If they wanted to give people a vaccine against this virus, they should have kept it simple and low-tech. An intranasal live attenuated virus composed of a regular strain with one or two deleted genes would have caused an immune response very similar to that caused by a natural infection. Give it to high risk elderly and you have solved the problem insofar as it needs solving.
You don’t have to believe me anymore, at this point you can just look at the numbers coming out daily. If these vaccines could solve the problem for us, you wouldn’t be seeing:
-Record deaths in Israel
-Record ICU admissions in Israel
-Record cases in Israel
-The only place suffering no COVID issues is unvaccinated sub-Saharan Africa
-Higher case rates in vaccinated than unvaccinated people
-Higher RNA in sewage than during last winter
-Record cases throughout highly vaccinated regions of the world
-Unexplainable excess mortality that seems to come and go together with different variants of this virus
-People who continually get reinfected
All of these are irreconcilable with a vaccine that works. We’ve seen ninety percent of Israeli elderly above 60 receive three doses of this vaccine. The pandemic is supposed to be over in Israel but it’s not, they’re doing worse than ever before.
Reinfections with this virus are supposed to be a non-issue. At first they were very rare and when they did occur, hospitalization rates would be reduced by 90%. When we began giving people these vaccines, we began damaging the innate immune response and so reinfections become more common and more severe. We’re now seeing people reinfected, not just with different variants, but with the exact same Omicron variant, within sixty days. T cells generally don’t get better at fighting this virus, they get worse at it over time. When our immune response is mainly dependent on T cells, as it now is, the reinfections get worse over time.

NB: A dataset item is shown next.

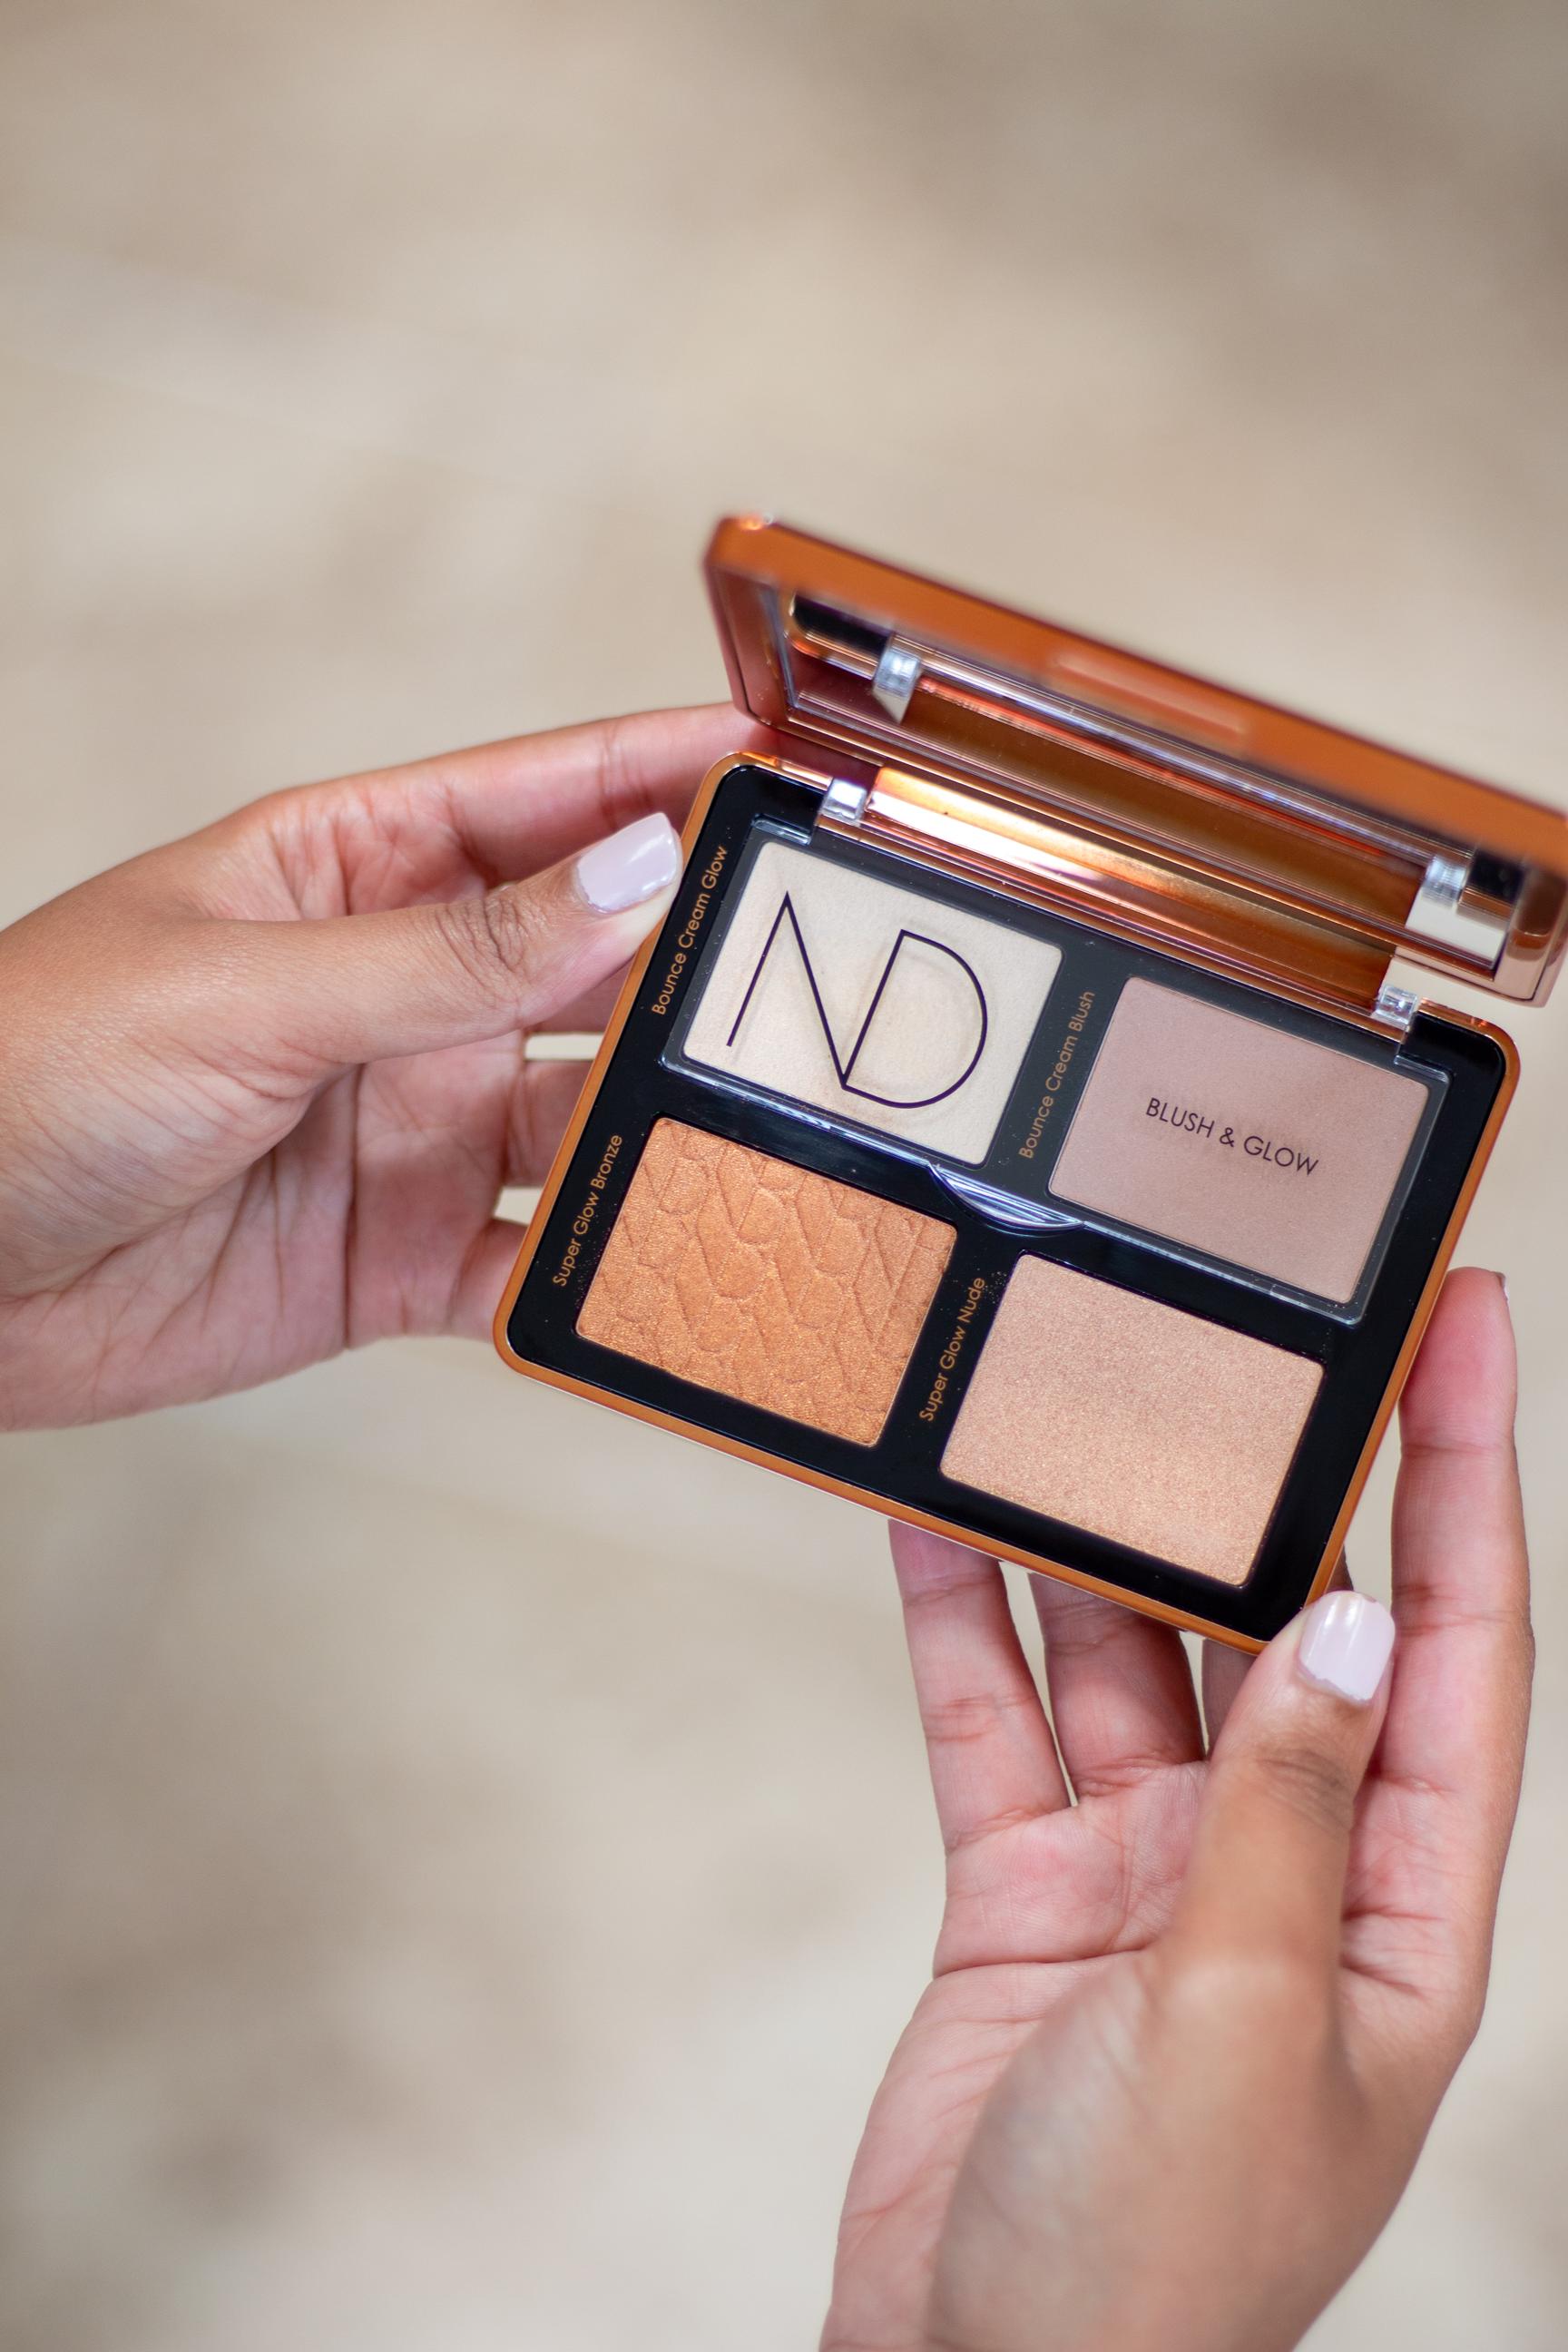 Natasha Denona Bronze Cheek Face Glow Palette Review

If you want you can blame shape-shifting reptiles for this, you can blame Klaus Schwab, you can blame anyone you want, but the only thing I see is human arrogance, the Tower of Babel tale repeated on a global scale. It’s a technocratic attempt by halfwits to control nature and it’s blowing up in their faces. Instead of asking why things work the way they work, they just change things and look at whether they see the result they were hoping for.

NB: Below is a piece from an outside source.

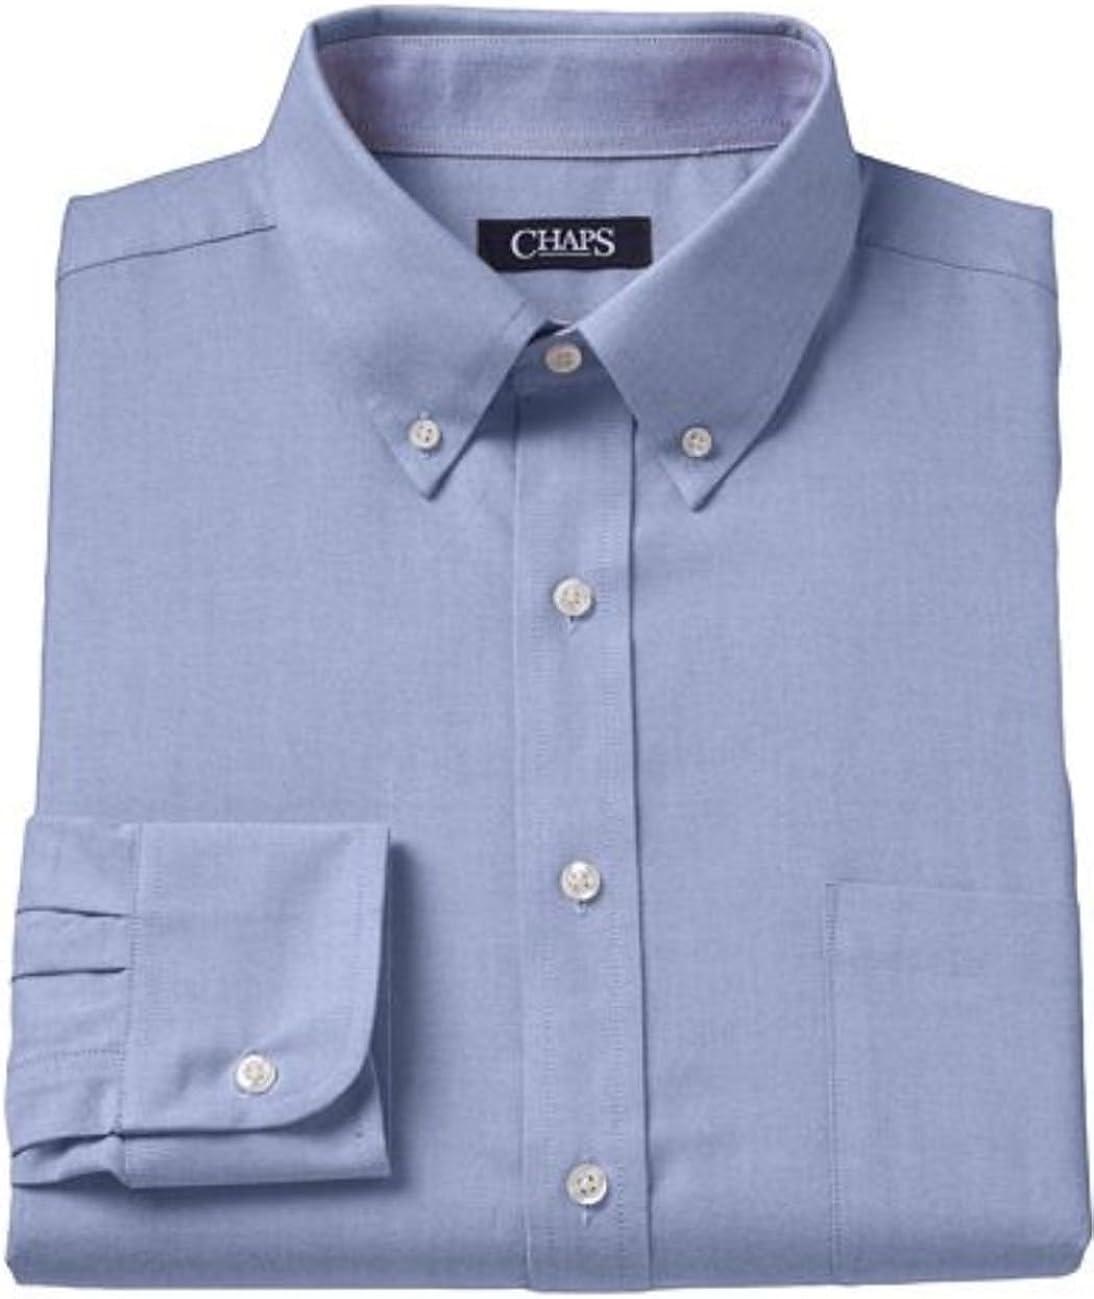 Chaps Men's Performance Classic-Fit Oxford Solid Dress Shirt

Ask yourself: Do you think the people at Pfizer or Moderna ever asked themselves why the body deals differently with N1-Methylpseudouridine? They found their holy grail, in the form of an altered nucleotide that makes their mRNA technology work. But do you think they ever questioned their holy grail? Do you think they ever asked themselves why cells that previously refused to tolerate their attempts at hacking them now suddenly tolerated them? Of course not, they’re half-wits who found the result they were hoping for and they ran with it.
Elderly people in nursing homes have been dying from coronaviruses for generations, we have known this for decades. Why did we never develop vaccines against these viruses? For the same reason we never developed effective vaccines against respiratory syncytial virus for children. Some respiratory viruses are difficult to develop effective vaccines against. The fact that there’s a sudden outbreak of a novel coronavirus doesn’t suddenly make the process easier, it mainly makes us less critical about potential flaws and risks involved.
And now you can see the consequences of that.